Replace Dataset
Replacing datasets is commonly used for application migration between test and production environments. After exporting the analysis model as an application template from the test environment, importing the template into the production environment may result in unavailable datasets.
Select Data Source
When replacing a dataset, you can use Create New Dataset to replace the current dataset, or you can use an existing dataset within this application for replacement.
Field Matching
After selecting the data source and previewing the data, click "Next" to enter the "Field Matching" page.
The "Field Matching" page is divided into two parts: Used Fields and Unused Fields.
Used Fields are the fields from the original dataset that are referenced, including fields used in new fields, metrics, charts, dashboard filters, and other datasets. Since these fields are used in the data analysis process, they must be replaced during the replacement process. The system will prioritize matching fields with the same name and matching types. Users can also manually select the fields to be matched from the dropdown list. When replacing with a local file, if any used fields are missing, these fields will be filled with NULL values, and the replacement results need to be manually confirmed by the user to take effect.

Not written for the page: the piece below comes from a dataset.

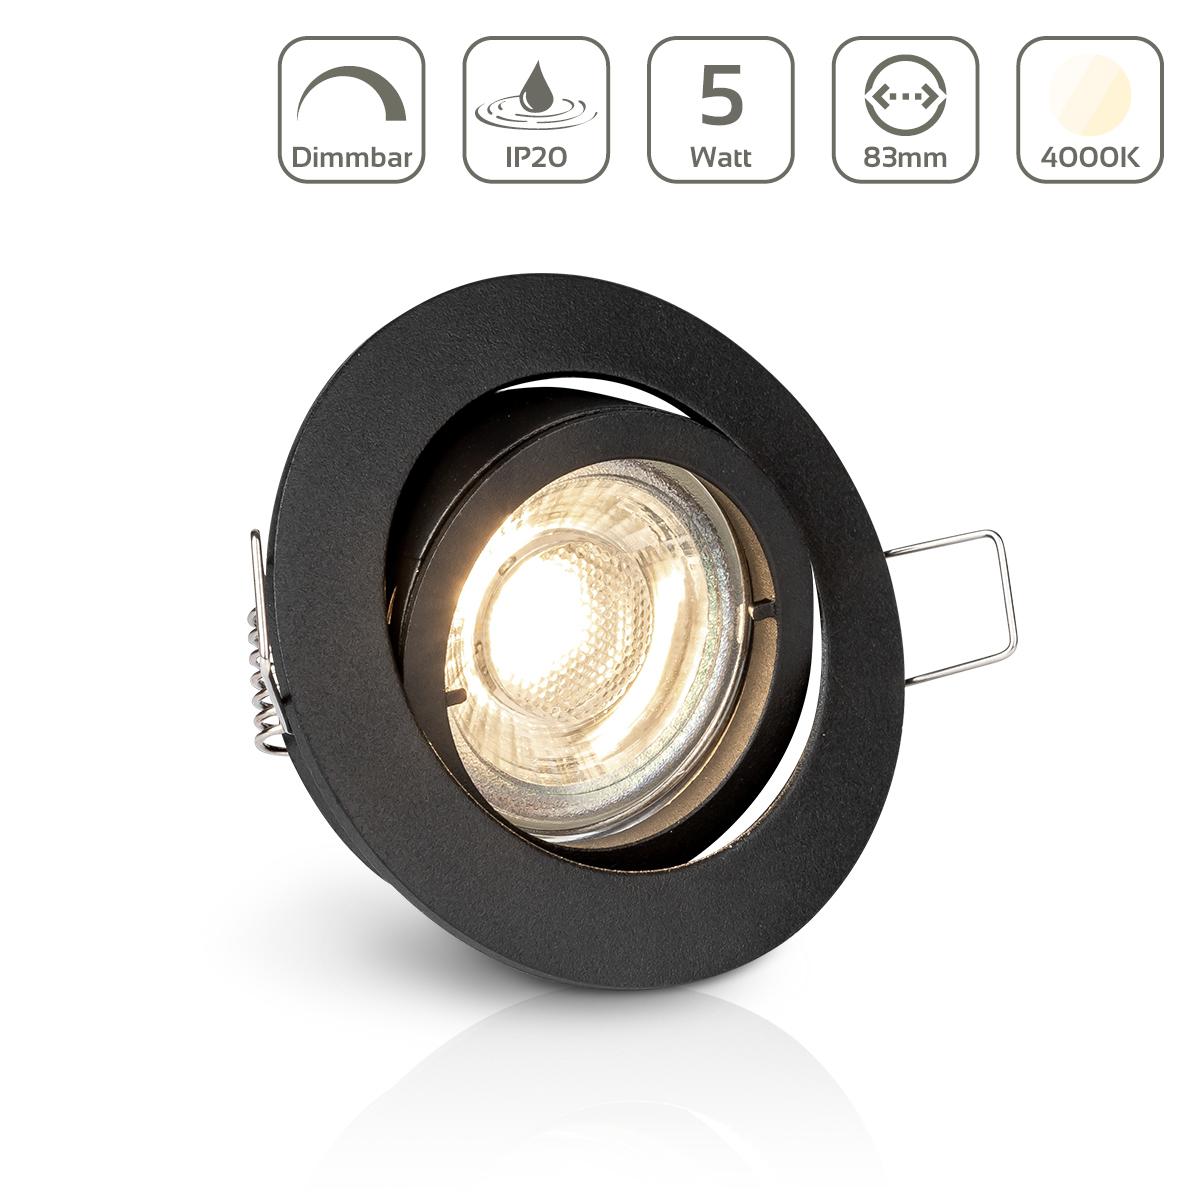 Einbauspot IP20 rund Bajonettverschluss - Farbe: schwarz - LED Leuchtmittel: GU10 5W neutralweiß dimmbar

Unused Fields are fields from the original dataset that are not used. If these fields are matched, the replacement will inherit the settings of these fields, such as display format, type, grouping, etc.
Append Fields
After field matching, you can proceed to append fields. On the append fields page, all fields from the replacement dataset will be listed, including matched and unmatched fields. Matched fields must be added, while unmatched fields can be optionally added.